Ringbuffer Alignment Protocol

Definitions

  • Transmitting Ringbuffer (TX): Local memory written by CPU, read by hardware using a wrapping counter.
  • Receiving Ringbuffer (RX): Local memory written by hardware using a wrapping counter, read by CPU.

Context

In a bittide system, nodes operate in a globally synchronous manner despite being asynchronous devices with unknown start times. Communication occurs via ringbuffers.
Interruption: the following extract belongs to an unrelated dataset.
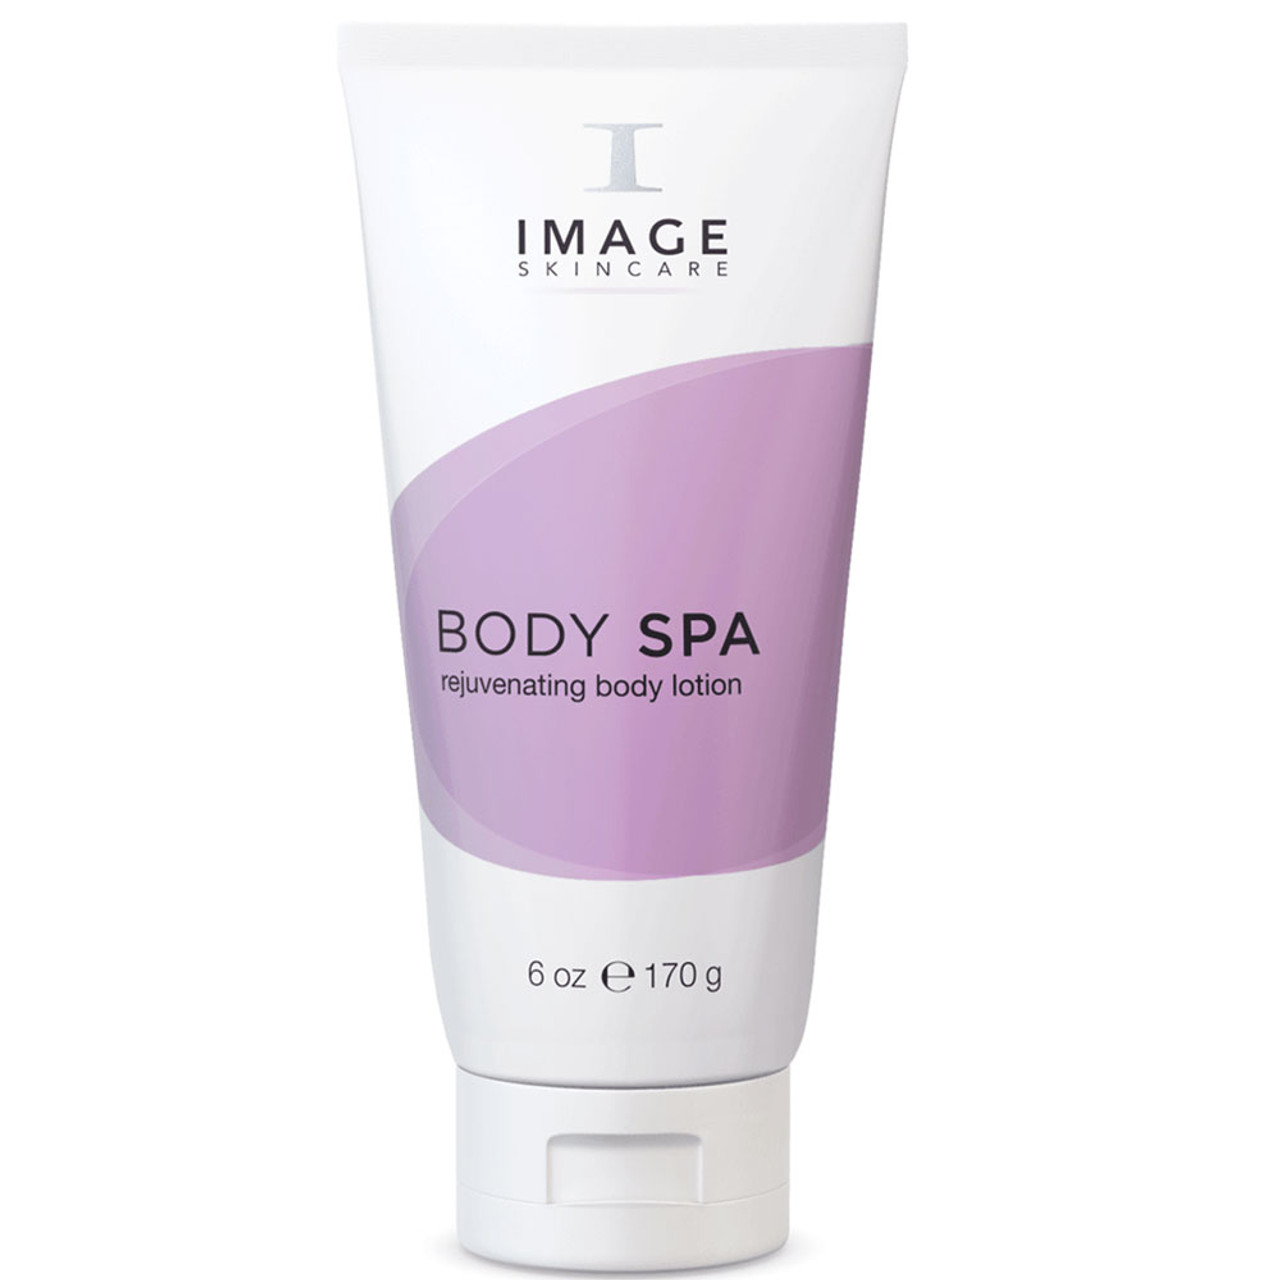 IMAGE Skincare BODY SPA Rejuvenating Body Lotion BeautifiedYou.com

When TX and RX ringbuffers are the same size, the address mapping between them is constant, determined by (logical) network latency and the start time difference between nodes.

Objective

Determine the constant offset between the transmit address (TX) and receive address (RX) for each link to enable reliable asynchronous communication.

Alignment Algorithm

  1. Initialization: Set all ringbuffers to a uniform default size.
  2. Announce: Each CPU writes a recognizable message containing the non-zero state ALIGNMENT_ANNOUNCE to index 0 of its TX ringbuffer and clears all other positions.
  3. Search: Each CPU scans its RX ringbuffer for the ALIGNMENT_ANNOUNCE message.
  4. Determine Offset: Upon finding the message at RX_Index, the CPU stores the RX_Index, to be used as future read offset.
  5. Acknowledge: The CPU updates index 0 of its TX ringbuffer with the state ALIGNMENT_RECEIVED.
  6. Confirm: The CPU monitors the RX ringbuffer until it receives ALIGNMENT_RECEIVED from its neighbor.
  7. Finalize: Once the CPU has received ALIGNMENT_RECEIVED, the link is aligned. The offset is stored for future communication and we proceed to normal operation.
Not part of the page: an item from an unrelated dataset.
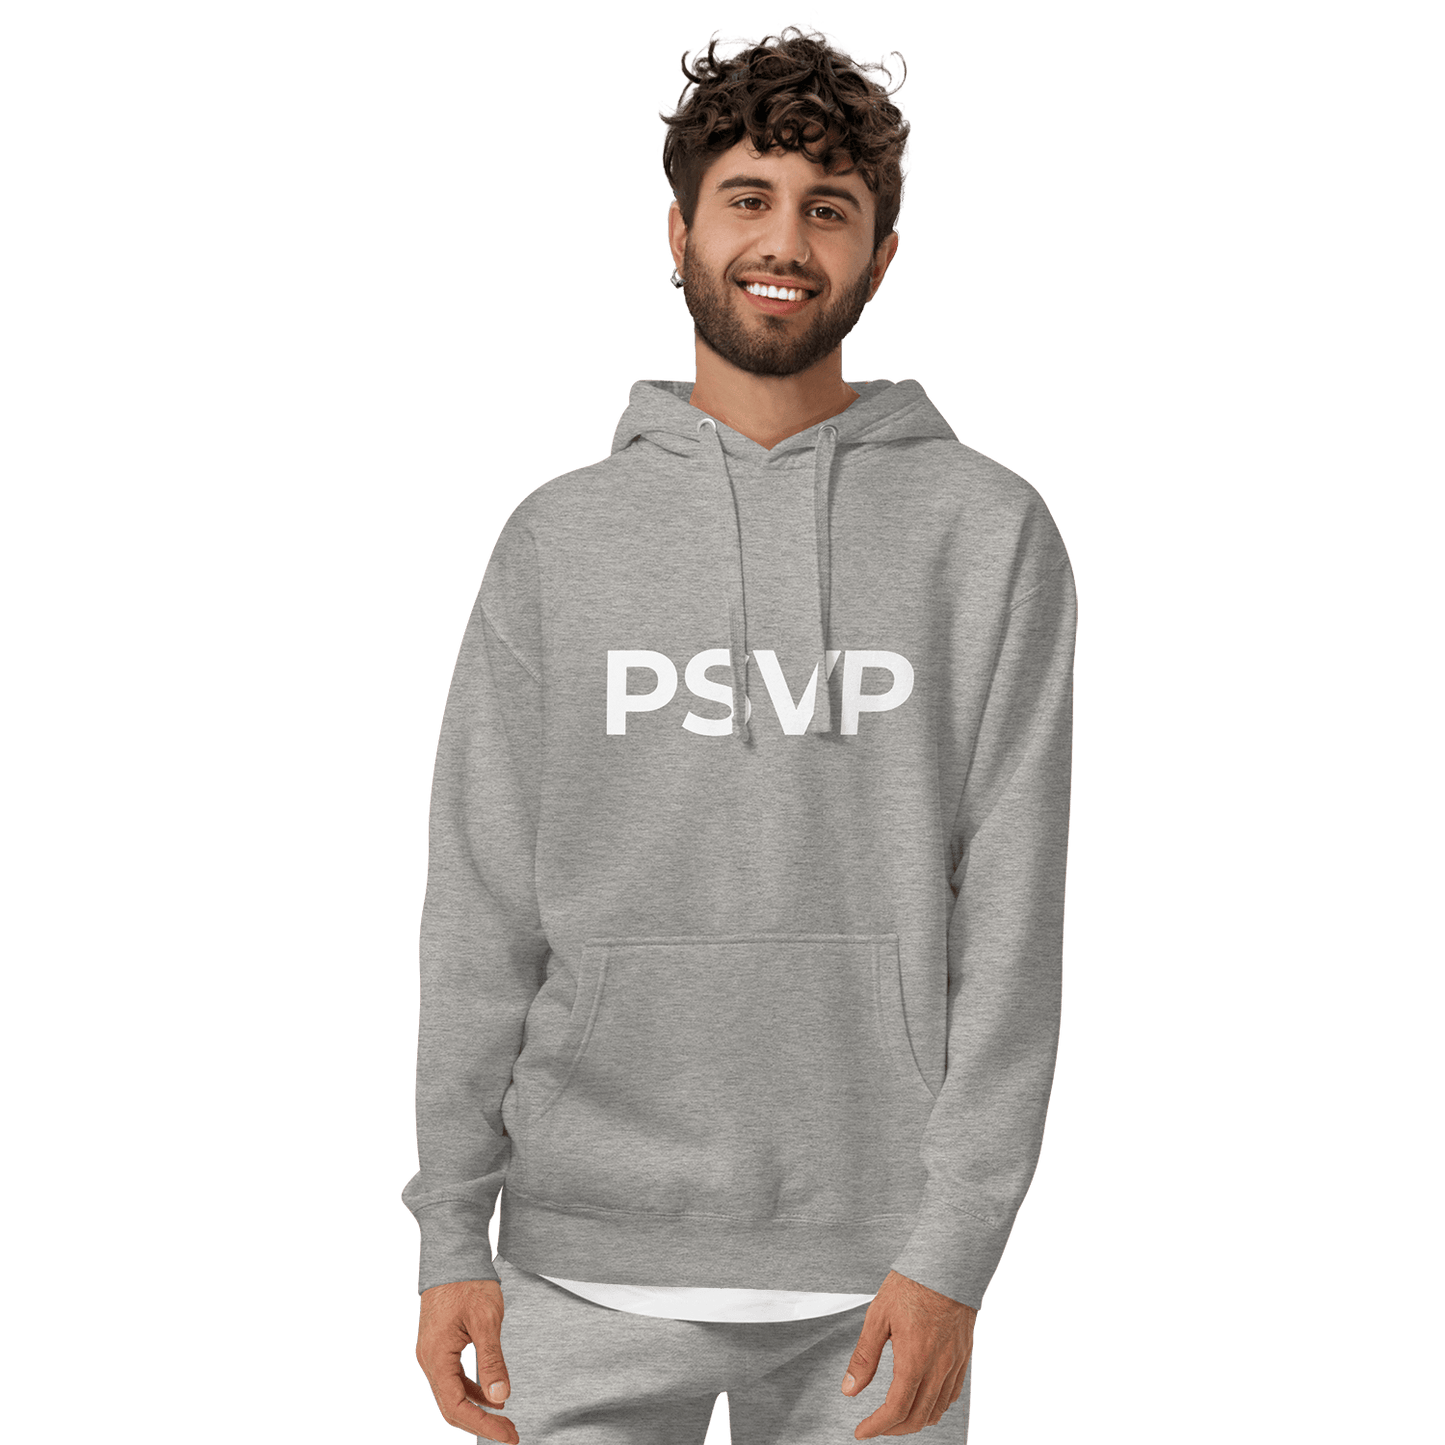 Comfy Carbon Grey Fleece Sweatpants - PSVP | Sweatpants | PARADIS SVP

Resulting Interface: AlignedRingbuffer

Upon successful alignment, the system can instantiate an AlignedRingbuffer abstraction. This interface handles the offset calculations transparently, allowing the CPU to read and write to the ringbuffers without concern for alignment.

Communication Challenges

While the AlignedRingbuffer provides logical connectivity, the physical link remains unreliable due to the interaction between the read/write counters of the ringbuffers and asynchronous CPU access:

  1. Continuous Hardware Operation: The hardware continuously cycles through the ringbuffers at the network link speed.
  2. Asynchronous CPU Access: The CPU operates asynchronously and often slower than the network link.

This leads to specific failure modes:

  • Data Corruption (Pointer Overtaking):
    • TX Side: If the hardware's read pointer overtakes the CPU's write pointer during a write, a torn frame is sent.
    • RX Side: If the hardware's write pointer overtakes the CPU's read pointer during a read, the message is corrupted.
  • Data Loss: If the CPU does not read from the RX ringbuffer every iteration, the hardware will overwrite unread data.
  • Data duplication: If the CPU does not write to the TX ringbuffer every iteration, the hardware will resend old data.

Reliable communication requires a higher-level protocol to handle these errors. See the Asynchronous Communication Protocol for a proposed solution using the smoltcp library to implement a reliable TCP/IP layer over the AlignedRingbuffer.